**EXTRACTED MATERIAL:**
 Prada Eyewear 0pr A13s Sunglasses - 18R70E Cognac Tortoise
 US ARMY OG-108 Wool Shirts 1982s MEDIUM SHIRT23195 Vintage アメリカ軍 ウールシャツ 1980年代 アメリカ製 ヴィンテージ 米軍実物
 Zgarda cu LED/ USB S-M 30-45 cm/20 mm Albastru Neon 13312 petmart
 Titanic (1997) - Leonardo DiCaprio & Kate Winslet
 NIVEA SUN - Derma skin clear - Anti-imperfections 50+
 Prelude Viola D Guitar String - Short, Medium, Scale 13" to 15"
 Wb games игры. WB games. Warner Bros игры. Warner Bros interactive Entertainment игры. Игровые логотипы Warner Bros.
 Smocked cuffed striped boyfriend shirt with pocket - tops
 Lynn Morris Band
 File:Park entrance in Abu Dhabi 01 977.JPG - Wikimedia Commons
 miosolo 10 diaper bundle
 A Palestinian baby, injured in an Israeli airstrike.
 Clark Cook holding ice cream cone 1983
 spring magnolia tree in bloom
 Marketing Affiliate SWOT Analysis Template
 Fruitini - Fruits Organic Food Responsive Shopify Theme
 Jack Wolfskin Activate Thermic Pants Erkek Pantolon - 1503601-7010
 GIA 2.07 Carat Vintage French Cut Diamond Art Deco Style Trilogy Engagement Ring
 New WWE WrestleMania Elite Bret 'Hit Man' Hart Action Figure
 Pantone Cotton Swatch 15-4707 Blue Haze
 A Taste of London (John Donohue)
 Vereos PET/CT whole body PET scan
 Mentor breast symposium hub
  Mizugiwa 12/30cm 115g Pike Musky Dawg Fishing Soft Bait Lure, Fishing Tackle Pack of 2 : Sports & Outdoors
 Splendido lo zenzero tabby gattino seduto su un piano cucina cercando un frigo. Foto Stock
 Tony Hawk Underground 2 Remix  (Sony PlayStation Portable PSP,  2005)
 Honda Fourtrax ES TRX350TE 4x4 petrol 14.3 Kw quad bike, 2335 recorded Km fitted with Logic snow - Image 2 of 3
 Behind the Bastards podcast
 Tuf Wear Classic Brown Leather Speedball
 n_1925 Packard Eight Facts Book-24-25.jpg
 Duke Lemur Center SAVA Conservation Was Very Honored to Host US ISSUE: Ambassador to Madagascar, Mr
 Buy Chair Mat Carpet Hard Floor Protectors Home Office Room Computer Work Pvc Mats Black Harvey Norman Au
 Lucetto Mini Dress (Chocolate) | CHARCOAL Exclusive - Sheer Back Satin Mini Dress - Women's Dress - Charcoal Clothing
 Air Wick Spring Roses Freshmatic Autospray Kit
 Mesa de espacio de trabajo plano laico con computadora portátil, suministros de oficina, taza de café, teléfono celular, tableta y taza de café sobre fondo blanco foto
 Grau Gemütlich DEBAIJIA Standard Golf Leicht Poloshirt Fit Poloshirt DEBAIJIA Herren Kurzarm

**WORK INSTRUCTIONS:** Everything from the line containing "Wb games игры." through the final line of the listing, inclusive, must be reproduced exactly; leave out the rest.

**RESULT:**
 Wb games игры. WB games. Warner Bros игры. Warner Bros interactive Entertainment игры. Игровые логотипы Warner Bros.
 Smocked cuffed striped boyfriend shirt with pocket - tops
 Lynn Morris Band
 File:Park entrance in Abu Dhabi 01 977.JPG - Wikimedia Commons
 miosolo 10 diaper bundle
 A Palestinian baby, injured in an Israeli airstrike.
 Clark Cook holding ice cream cone 1983
 spring magnolia tree in bloom
 Marketing Affiliate SWOT Analysis Template
 Fruitini - Fruits Organic Food Responsive Shopify Theme
 Jack Wolfskin Activate Thermic Pants Erkek Pantolon - 1503601-7010
 GIA 2.07 Carat Vintage French Cut Diamond Art Deco Style Trilogy Engagement Ring
 New WWE WrestleMania Elite Bret 'Hit Man' Hart Action Figure
 Pantone Cotton Swatch 15-4707 Blue Haze
 A Taste of London (John Donohue)
 Vereos PET/CT whole body PET scan
 Mentor breast symposium hub
  Mizugiwa 12/30cm 115g Pike Musky Dawg Fishing Soft Bait Lure, Fishing Tackle Pack of 2 : Sports & Outdoors
 Splendido lo zenzero tabby gattino seduto su un piano cucina cercando un frigo. Foto Stock
 Tony Hawk Underground 2 Remix  (Sony PlayStation Portable PSP,  2005)
 Honda Fourtrax ES TRX350TE 4x4 petrol 14.3 Kw quad bike, 2335 recorded Km fitted with Logic snow - Image 2 of 3
 Behind the Bastards podcast
 Tuf Wear Classic Brown Leather Speedball
 n_1925 Packard Eight Facts Book-24-25.jpg
 Duke Lemur Center SAVA Conservation Was Very Honored to Host US ISSUE: Ambassador to Madagascar, Mr
 Buy Chair Mat Carpet Hard Floor Protectors Home Office Room Computer Work Pvc Mats Black Harvey Norman Au
 Lucetto Mini Dress (Chocolate) | CHARCOAL Exclusive - Sheer Back Satin Mini Dress - Women's Dress - Charcoal Clothing
 Air Wick Spring Roses Freshmatic Autospray Kit
 Mesa de espacio de trabajo plano laico con computadora portátil, suministros de oficina, taza de café, teléfono celular, tableta y taza de café sobre fondo blanco foto
 Grau Gemütlich DEBAIJIA Standard Golf Leicht Poloshirt Fit Poloshirt DEBAIJIA Herren Kurzarm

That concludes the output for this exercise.